§ **DATA SECTION**

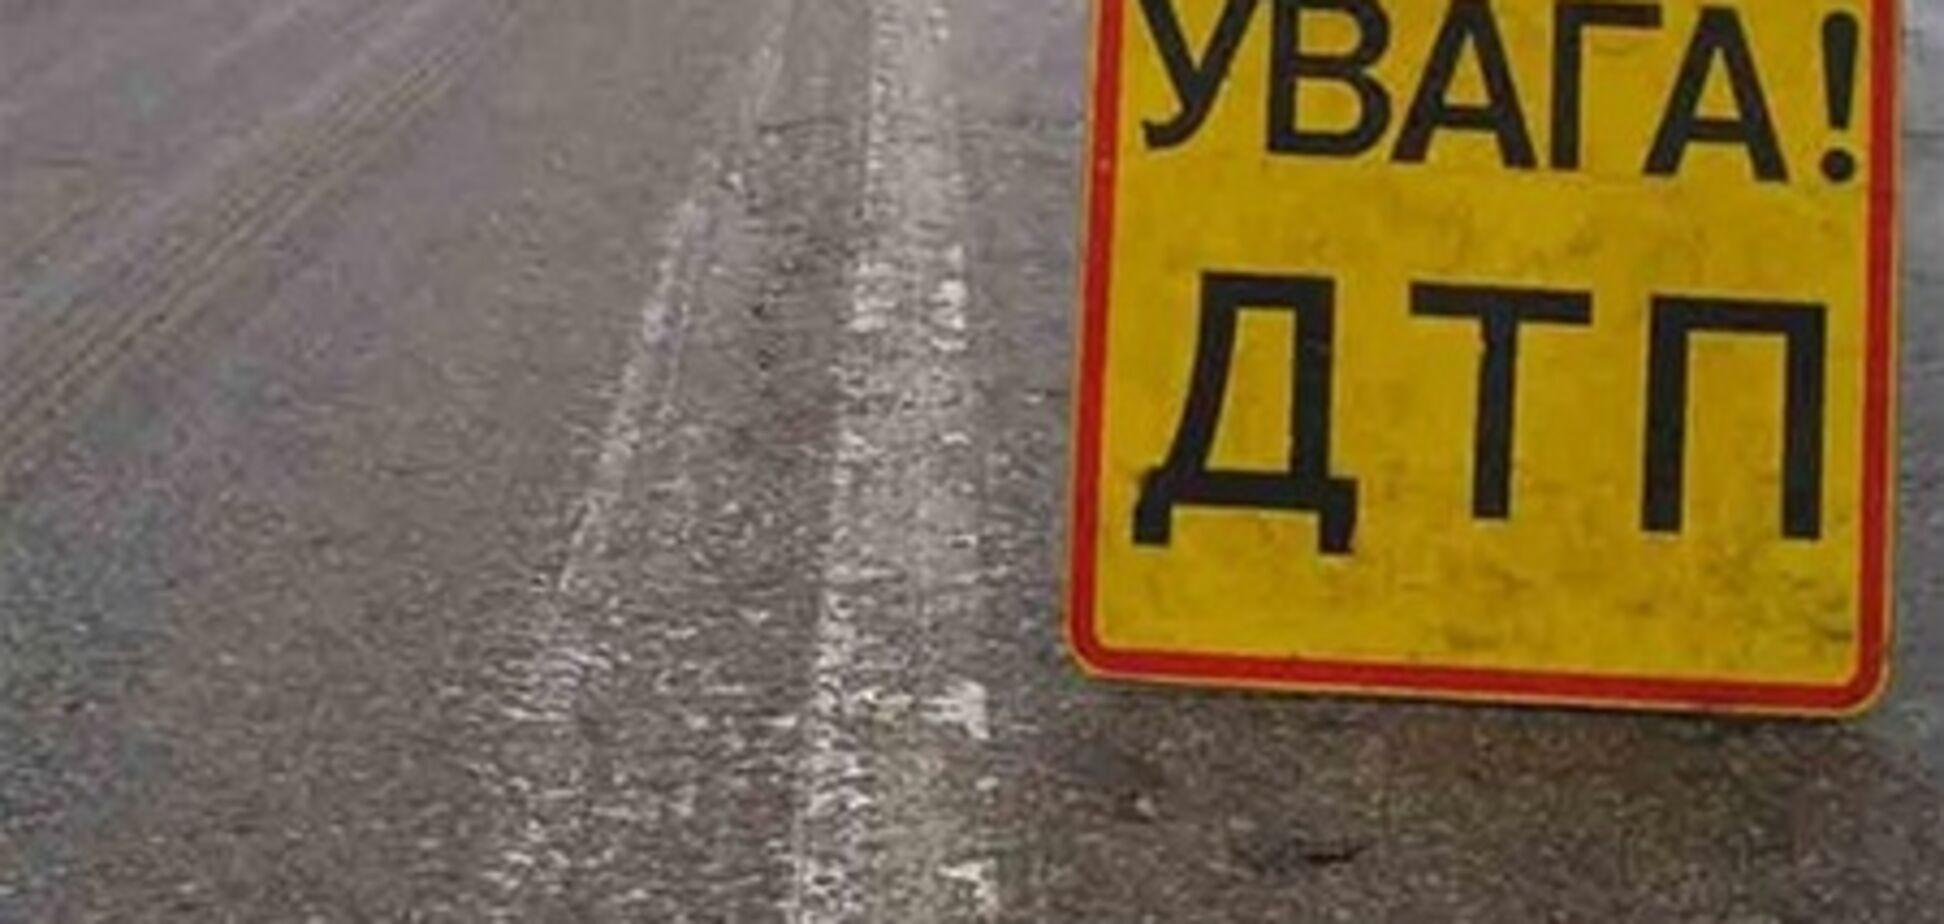 Ситуация на дорогах: 44 ДТП, 7 погибших
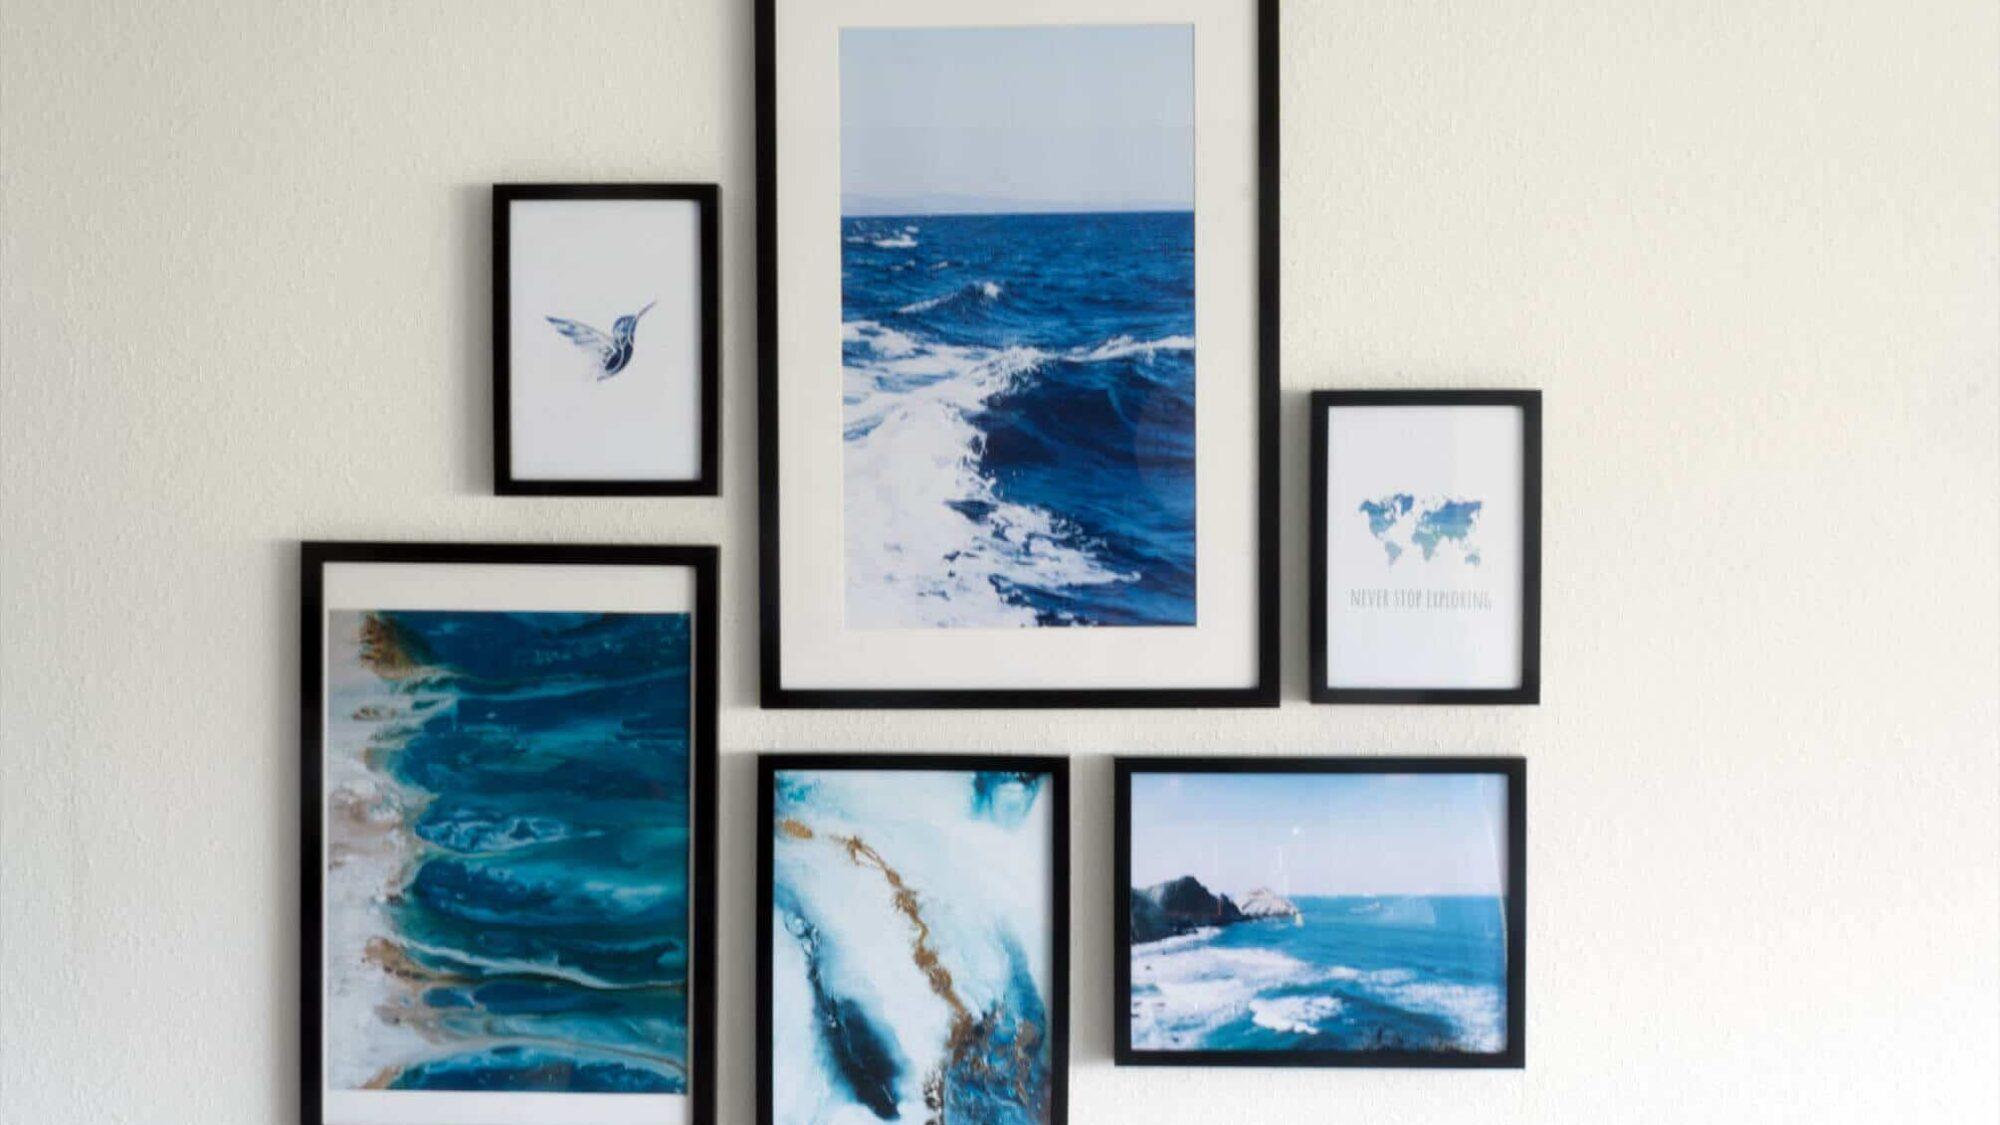 Wand mit Meer und Wellen Motiven
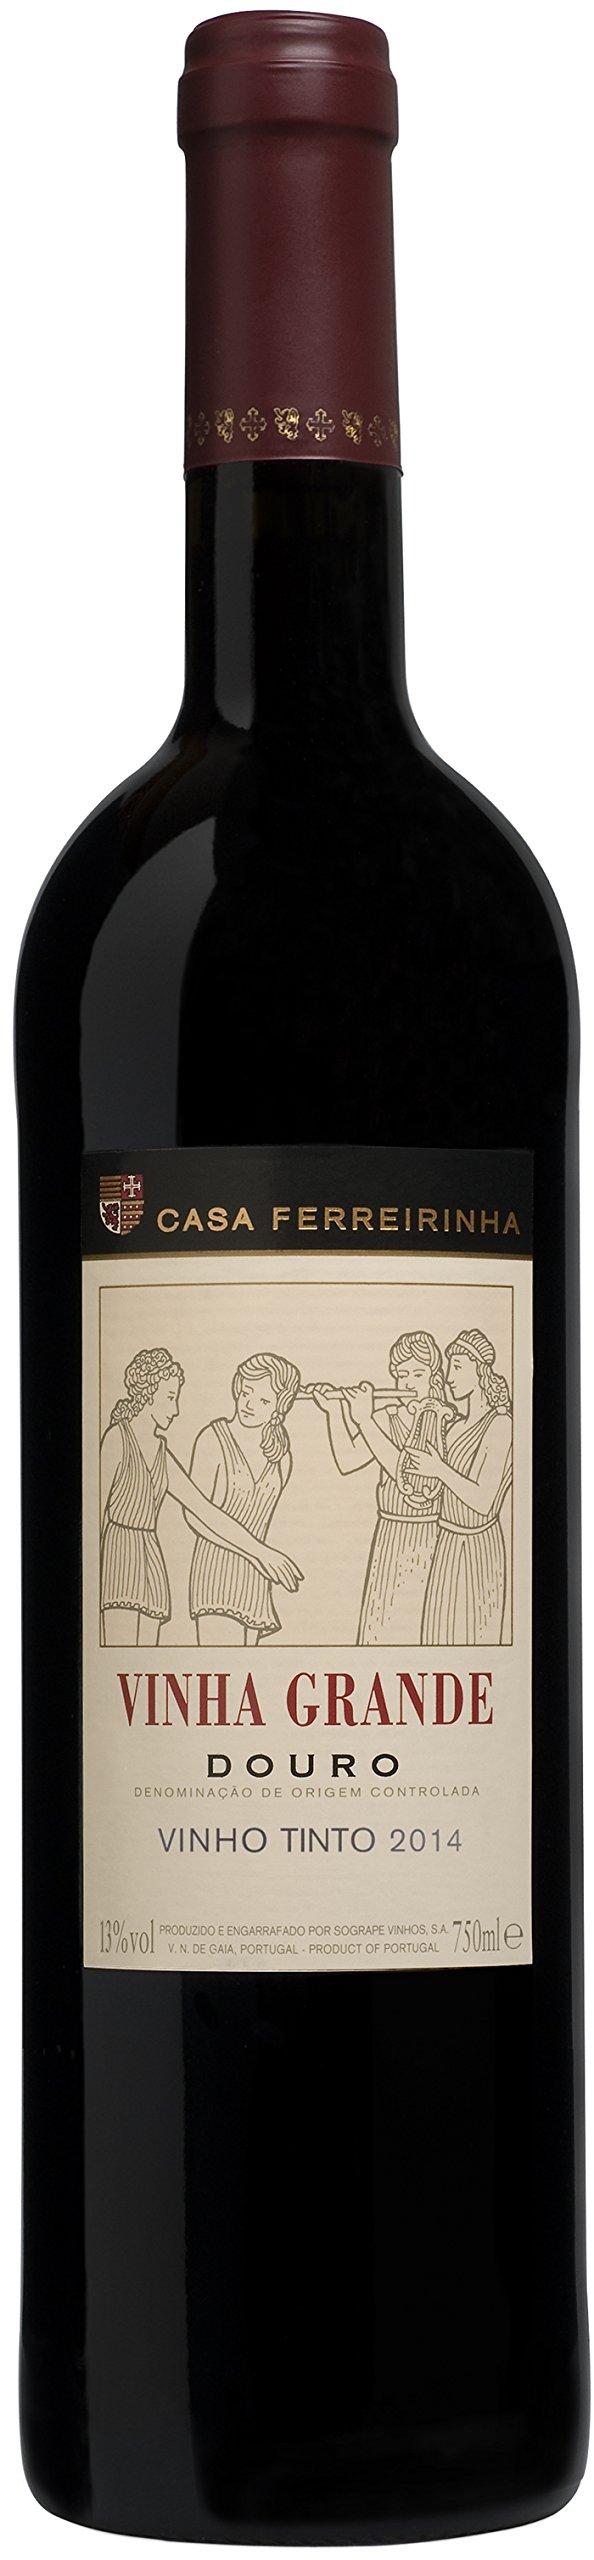 Casa-Ferreirinha-CASA-FERREIRINHA-2014-Vinha-Grande-rotwein

§ **WHAT TO DO**
Retype the whole listing exactly. Do not include the pictures.

§ **OUTPUT**
 Ситуация на дорогах: 44 ДТП, 7 погибших
 Wand mit Meer und Wellen Motiven
 Casa-Ferreirinha-CASA-FERREIRINHA-2014-Vinha-Grande-rotwein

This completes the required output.